▼
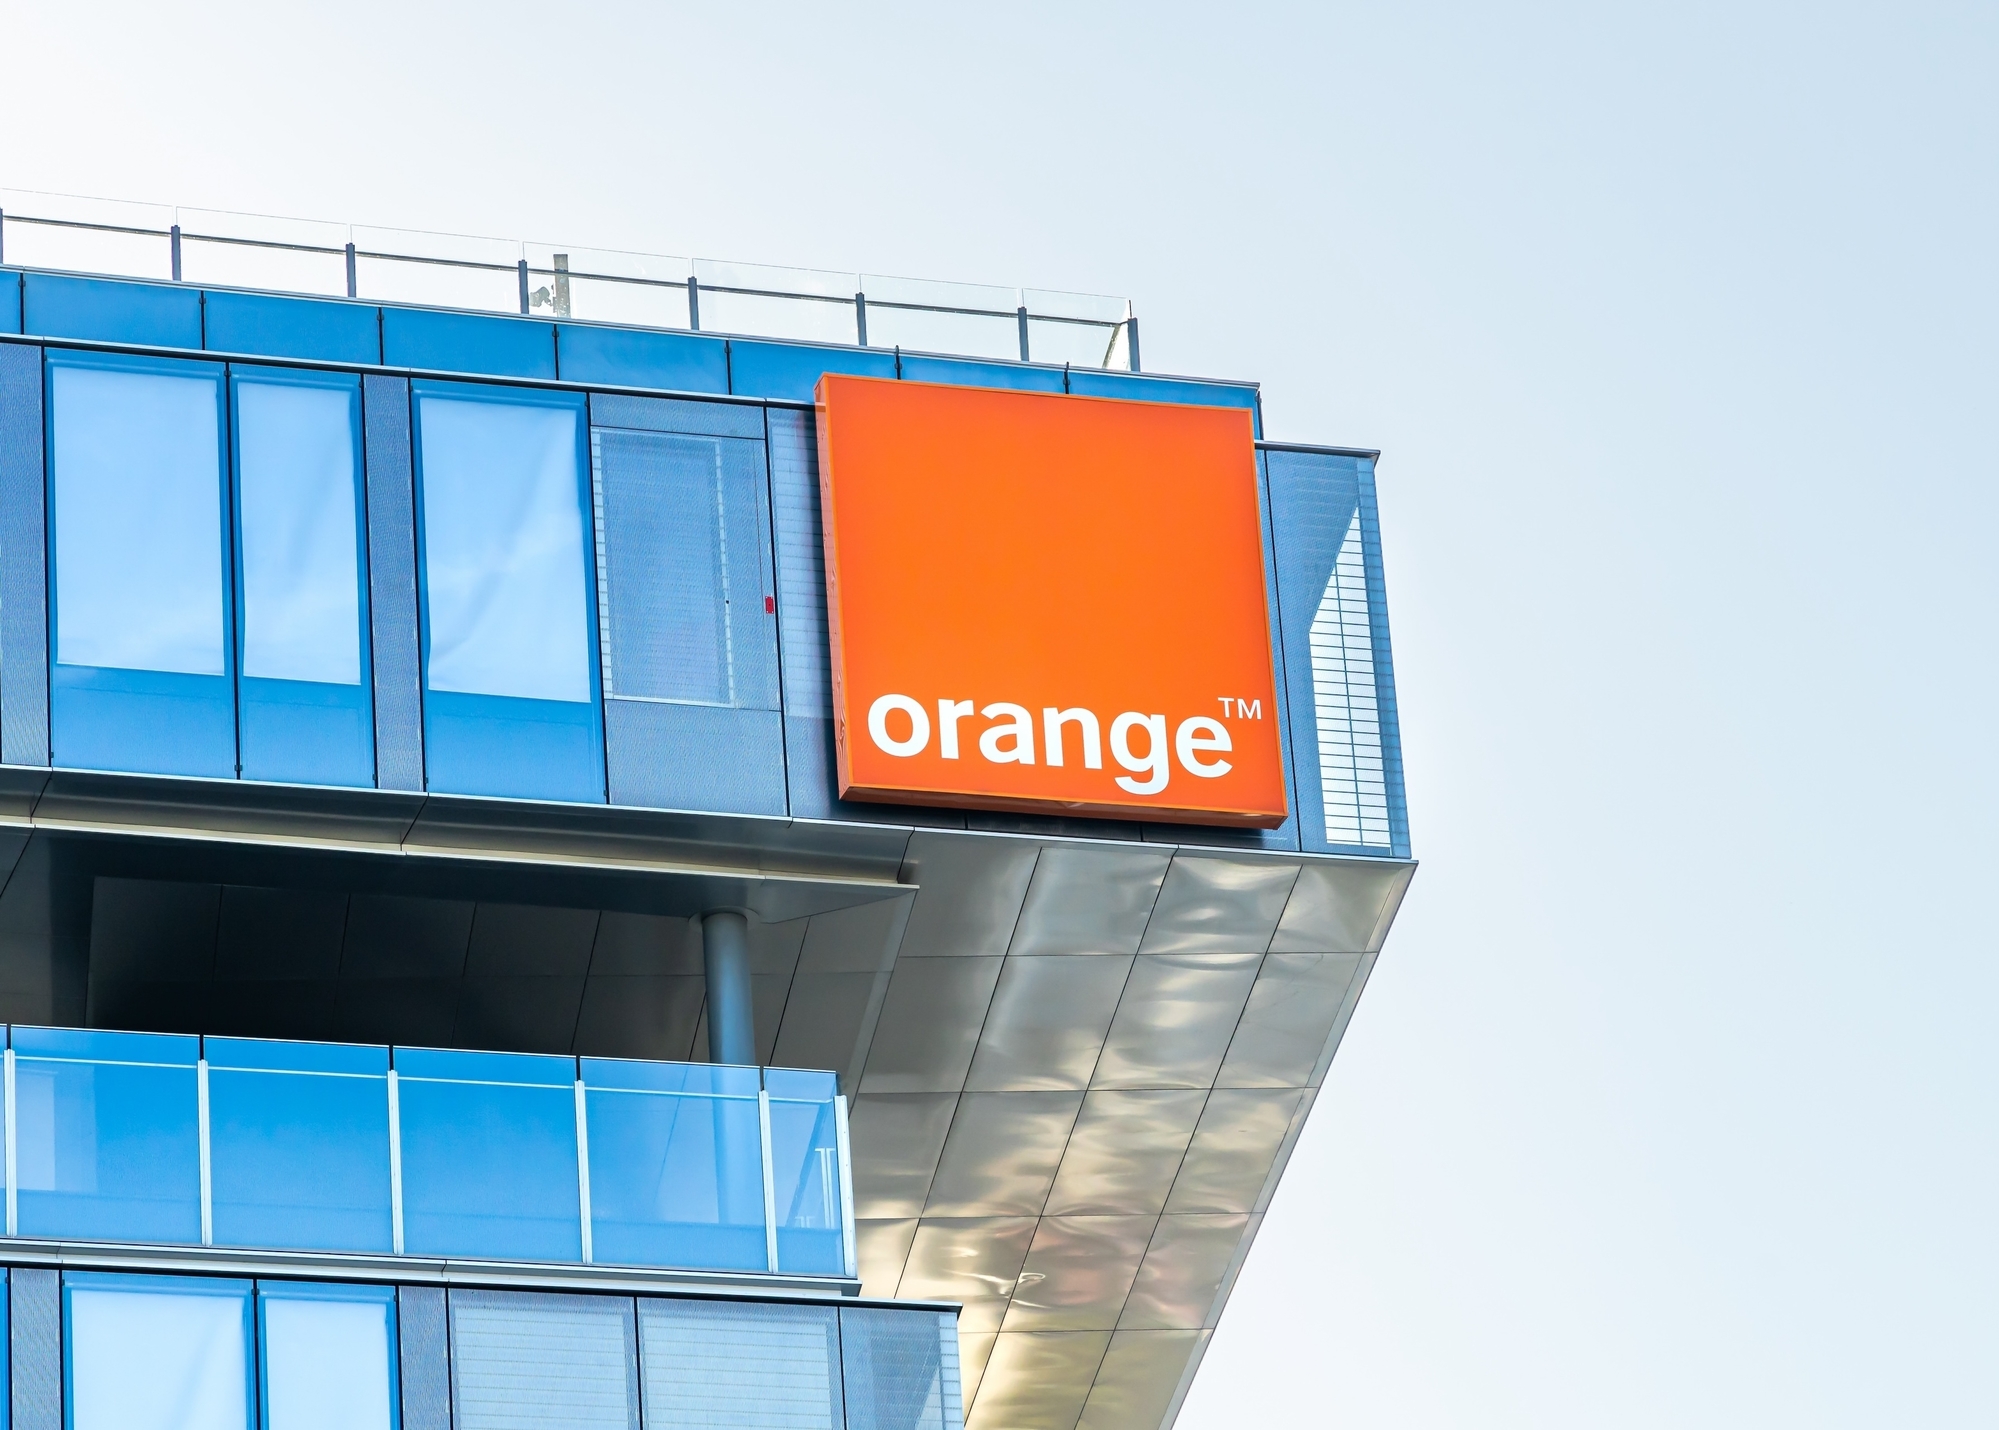 Déjà leader en France, Orange va devenir le numéro 2 des télécoms en Espagne ! L'Union européenne lui donne le feu vert
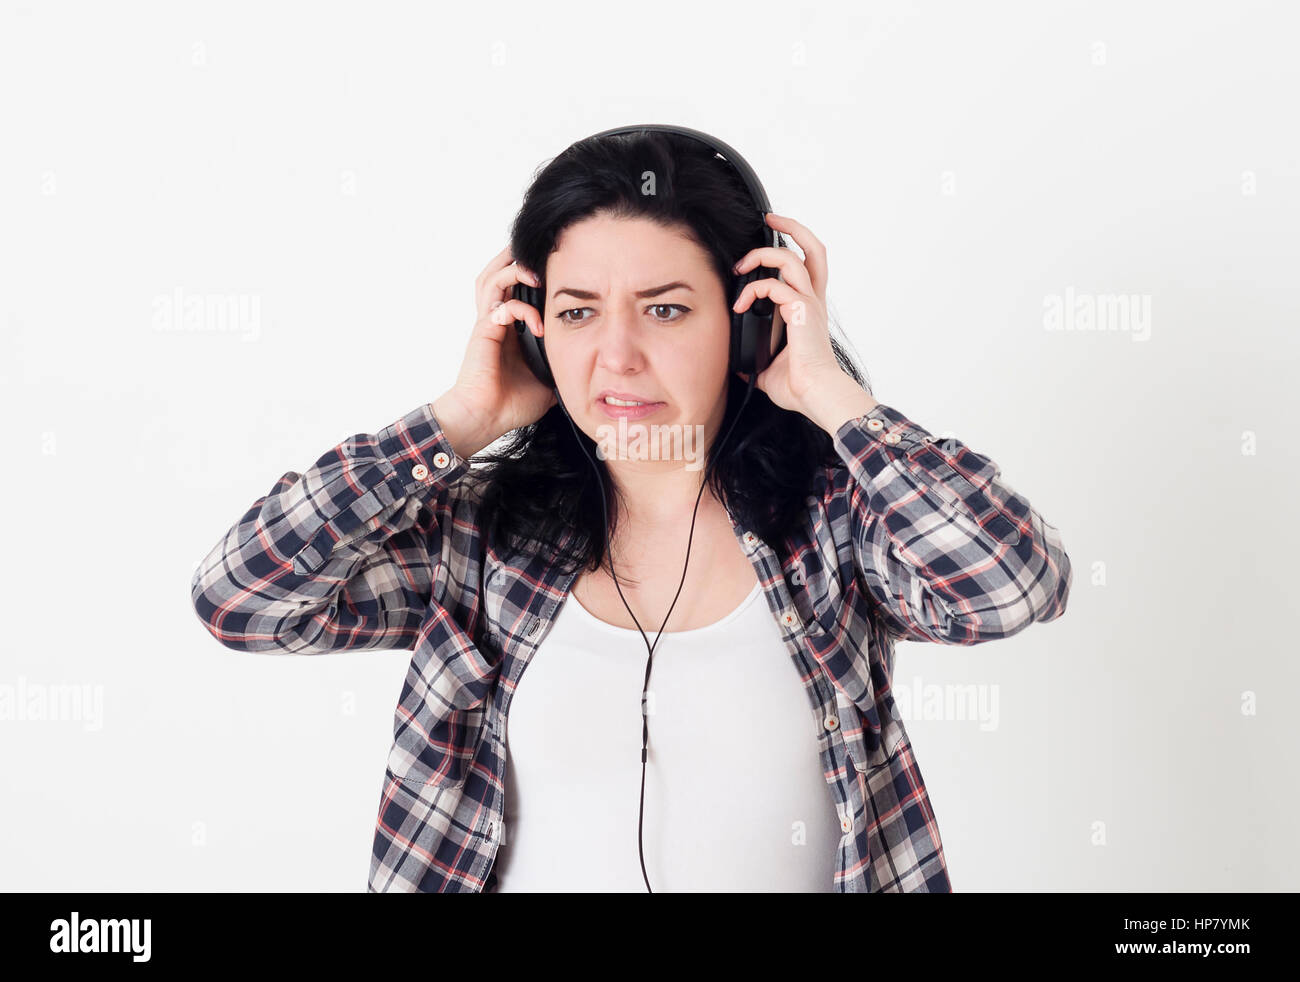 Frau eine sehr schlechte Musik oder unangenehmes Rauschen im Kopfhörer zu hören, sie verdreht Gesicht und will die Kopfhörer vom Kopf zu entfernen. Stockfoto
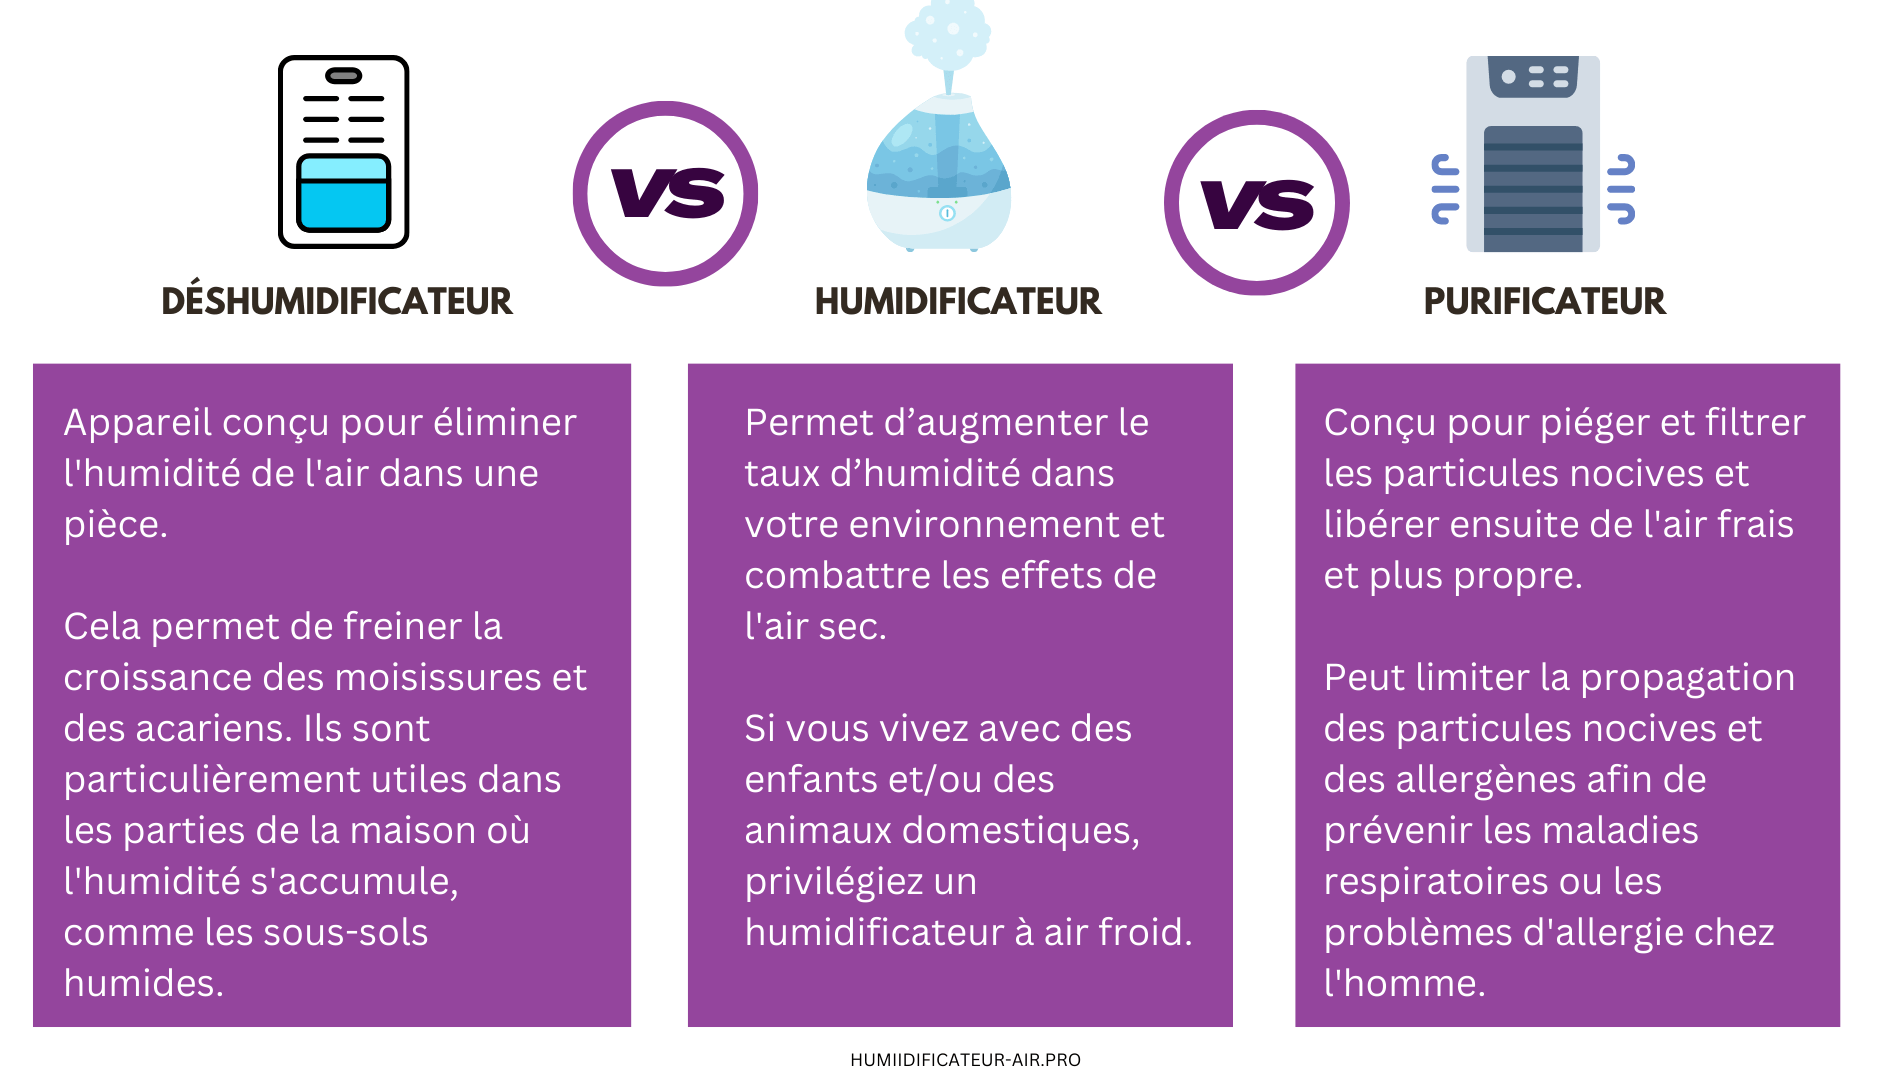 Comparatif Humidificateur vs Purificateur vs Deshumidificateur
▲
TASK ITEM: All of the data above needs to be retyped exactly, with the pictures removed.

SOLVED EXERCISE:
 Déjà leader en France, Orange va devenir le numéro 2 des télécoms en Espagne ! L'Union européenne lui donne le feu vert
 Frau eine sehr schlechte Musik oder unangenehmes Rauschen im Kopfhörer zu hören, sie verdreht Gesicht und will die Kopfhörer vom Kopf zu entfernen. Stockfoto
 Comparatif Humidificateur vs Purificateur vs Deshumidificateur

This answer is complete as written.